# Information provided
-=-=-=-=-
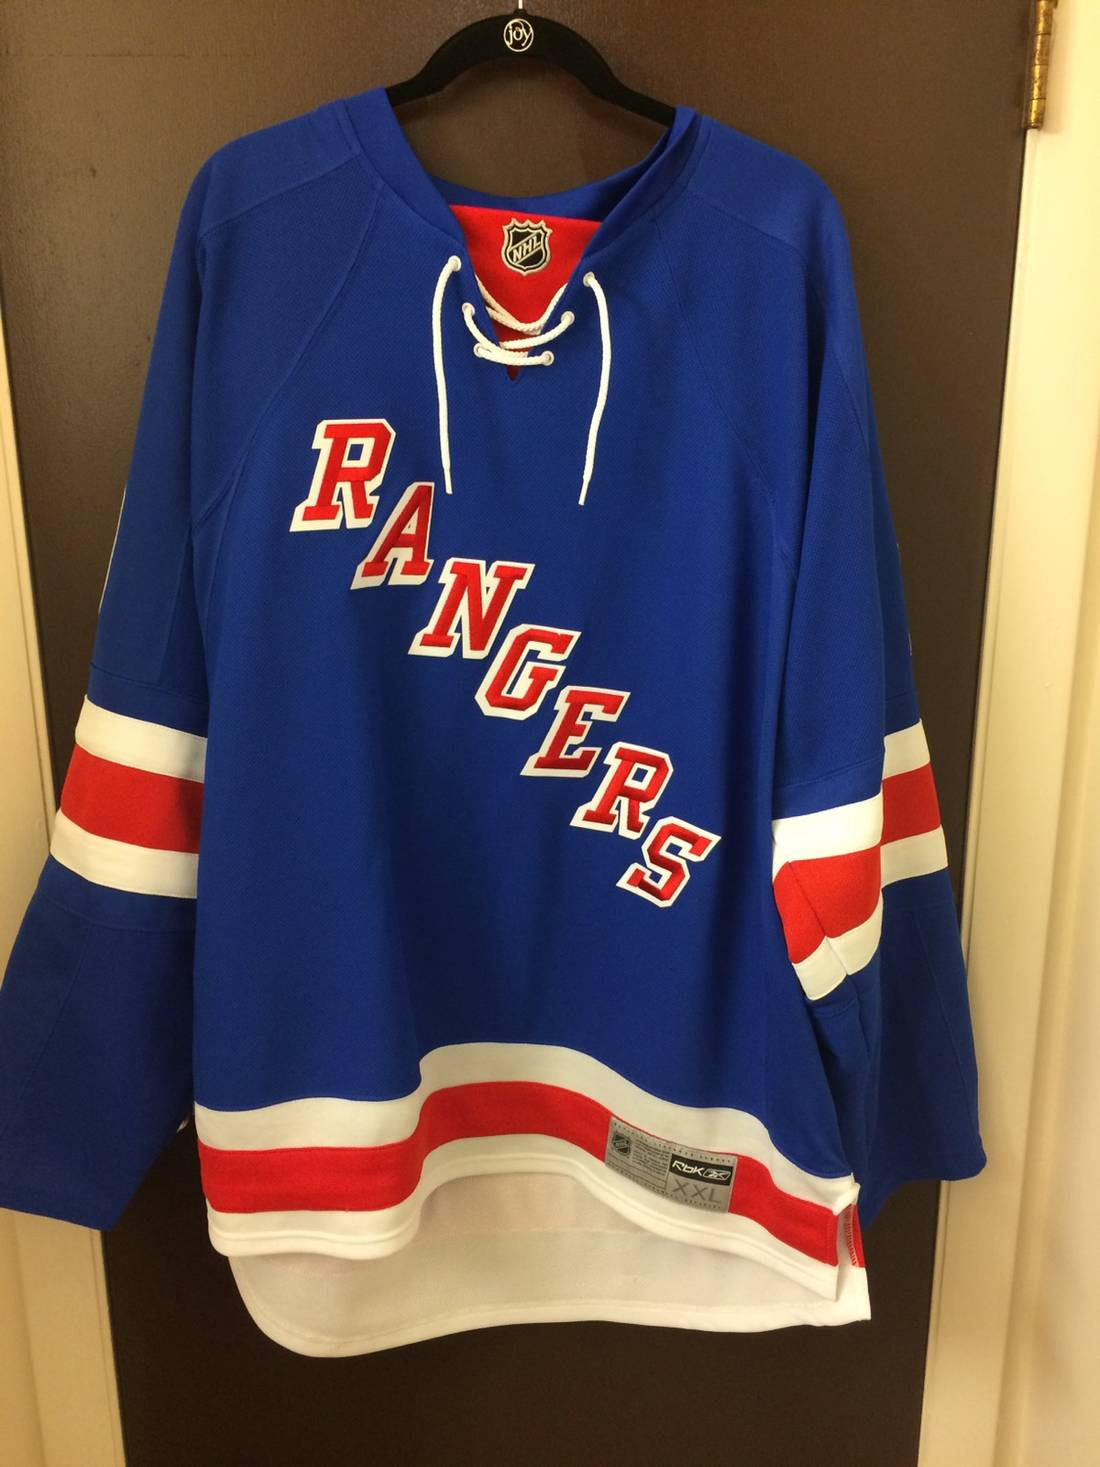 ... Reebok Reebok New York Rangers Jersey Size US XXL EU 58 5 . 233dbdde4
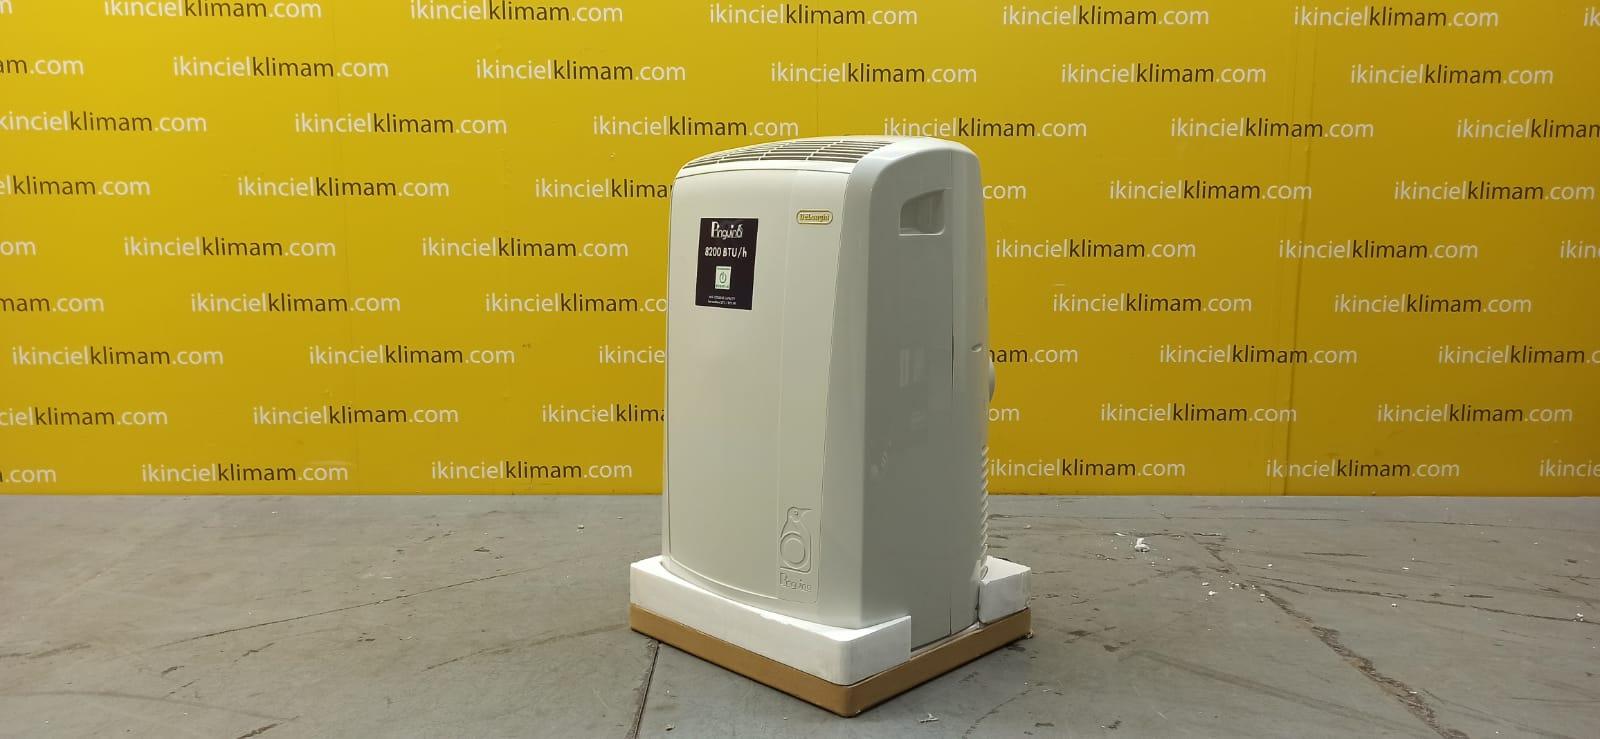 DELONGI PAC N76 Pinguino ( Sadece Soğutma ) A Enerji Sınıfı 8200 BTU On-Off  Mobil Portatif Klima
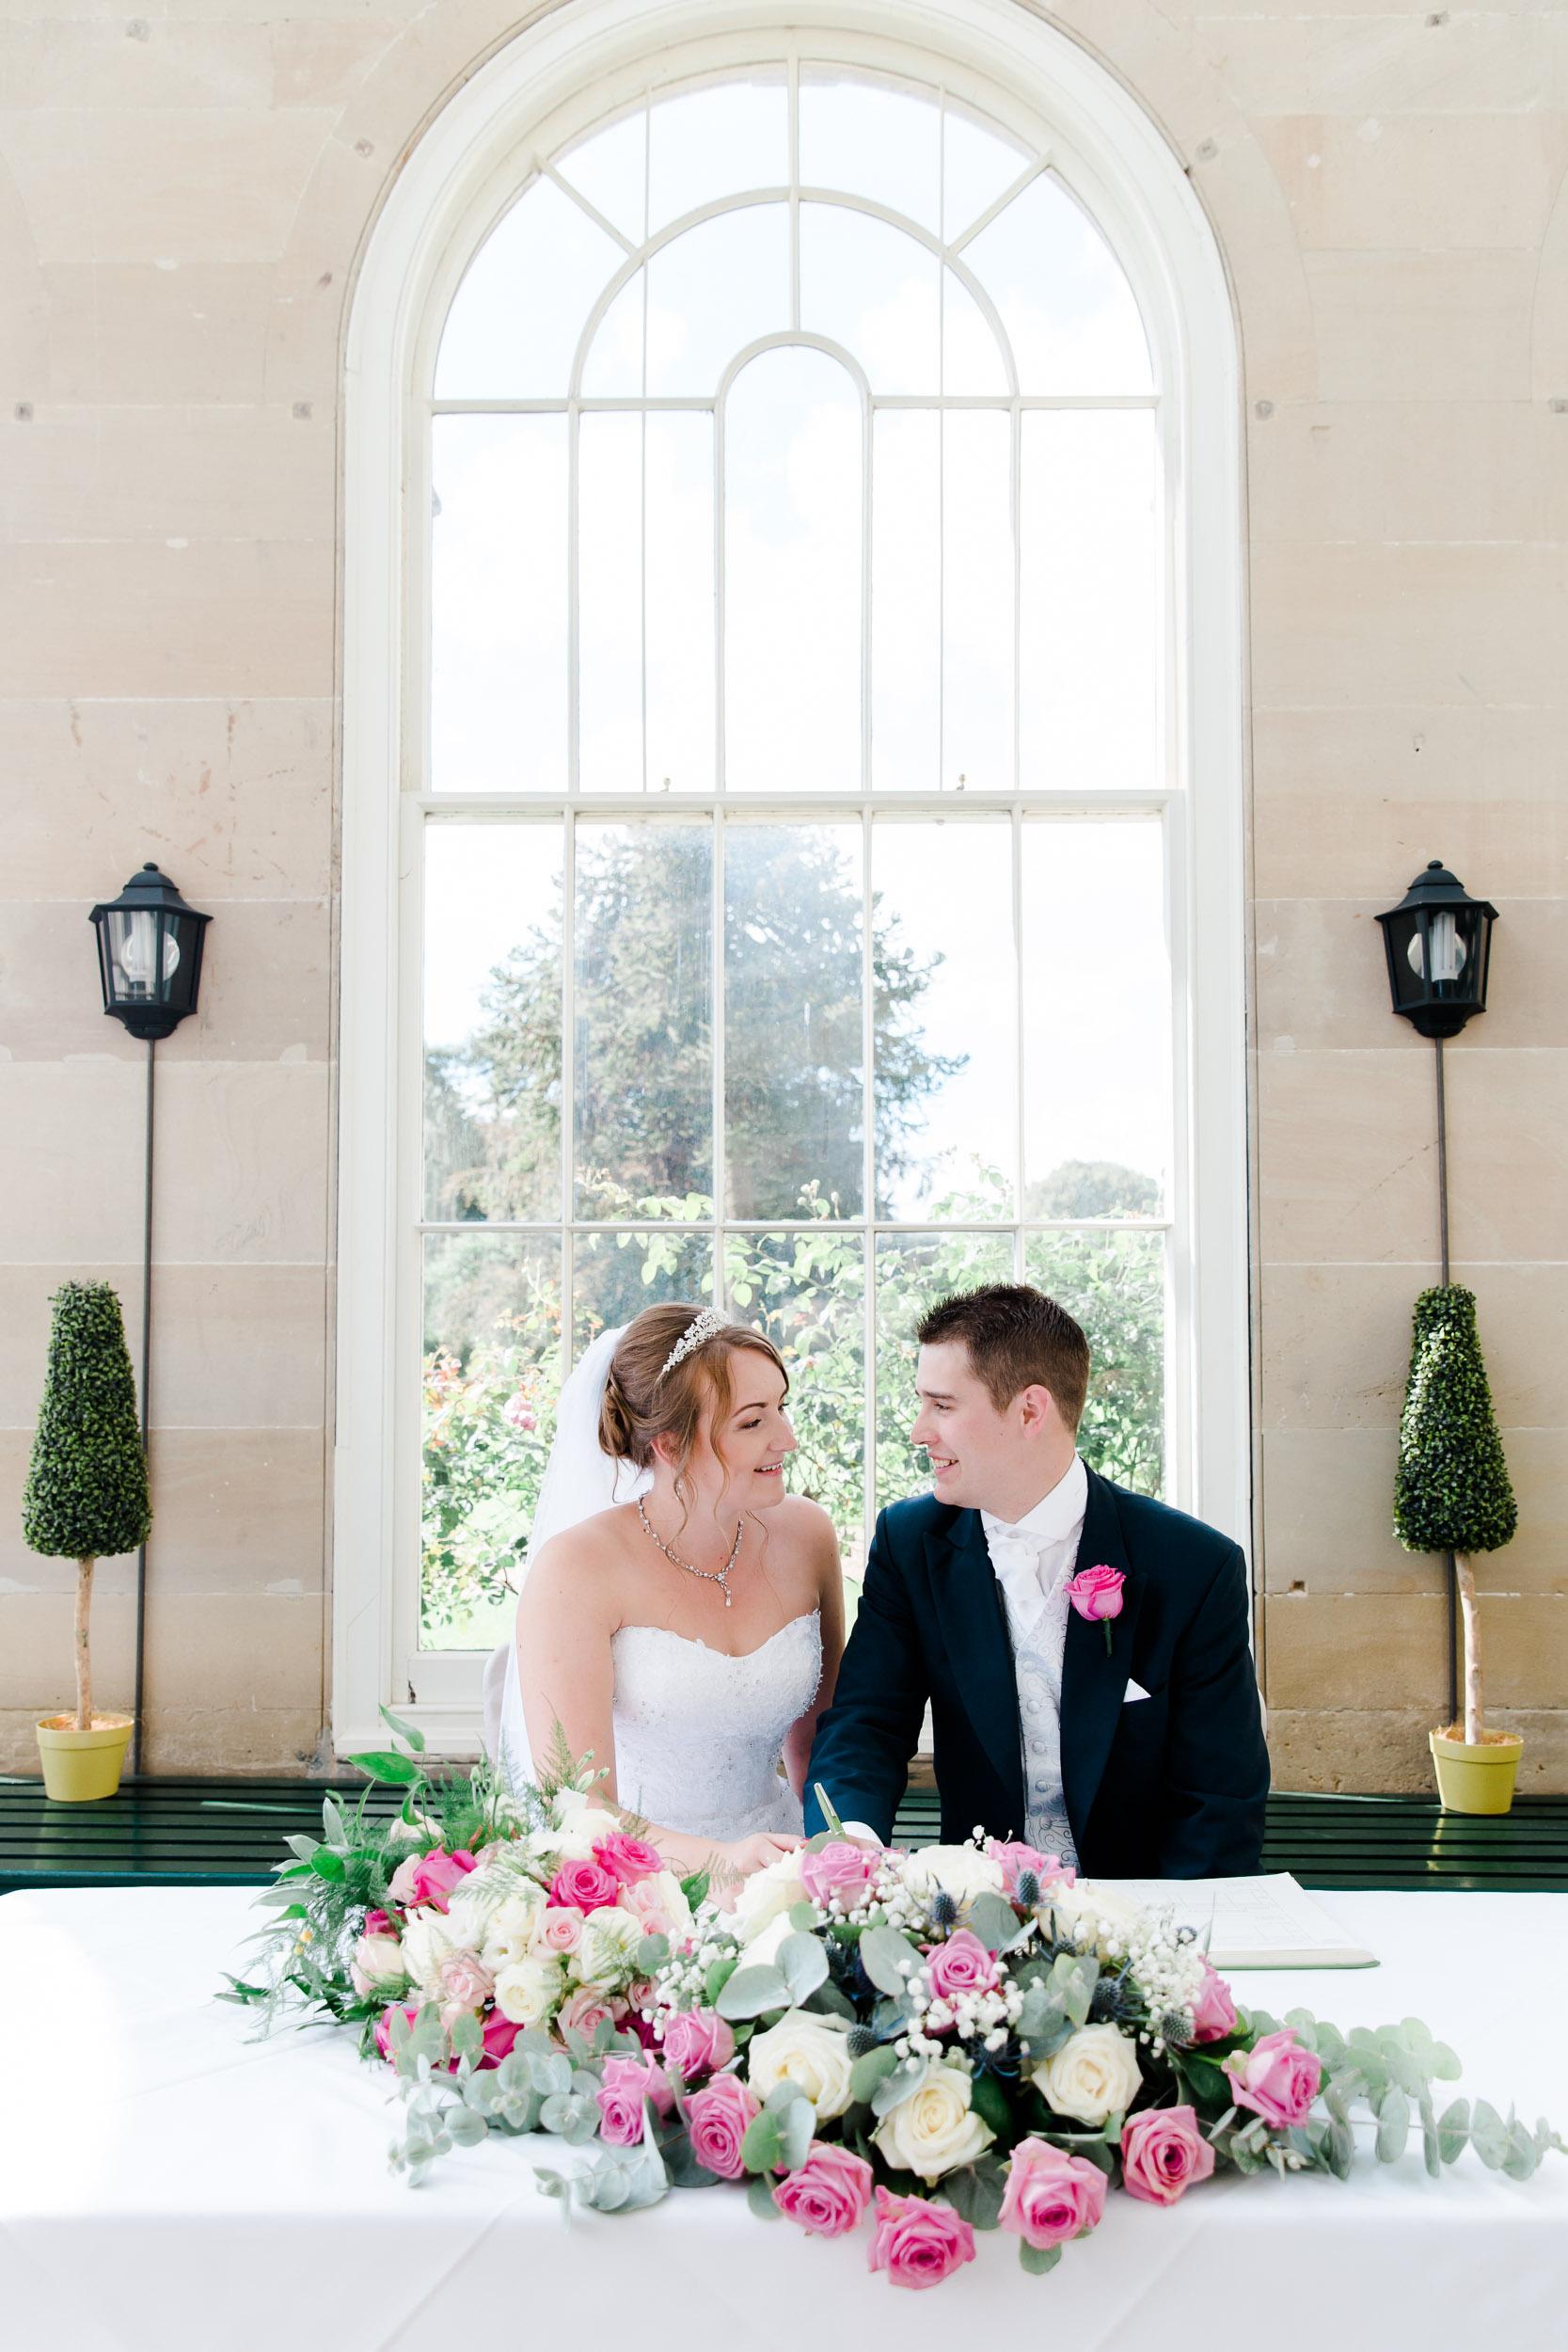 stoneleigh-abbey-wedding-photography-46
-=-=-=-=-
# What you are asked to do
Return the listing verbatim, pictures excluded.

# Response to this exercise
 ... Reebok Reebok New York Rangers Jersey Size US XXL EU 58 5 . 233dbdde4
 DELONGI PAC N76 Pinguino ( Sadece Soğutma ) A Enerji Sınıfı 8200 BTU On-Off  Mobil Portatif Klima
 stoneleigh-abbey-wedding-photography-46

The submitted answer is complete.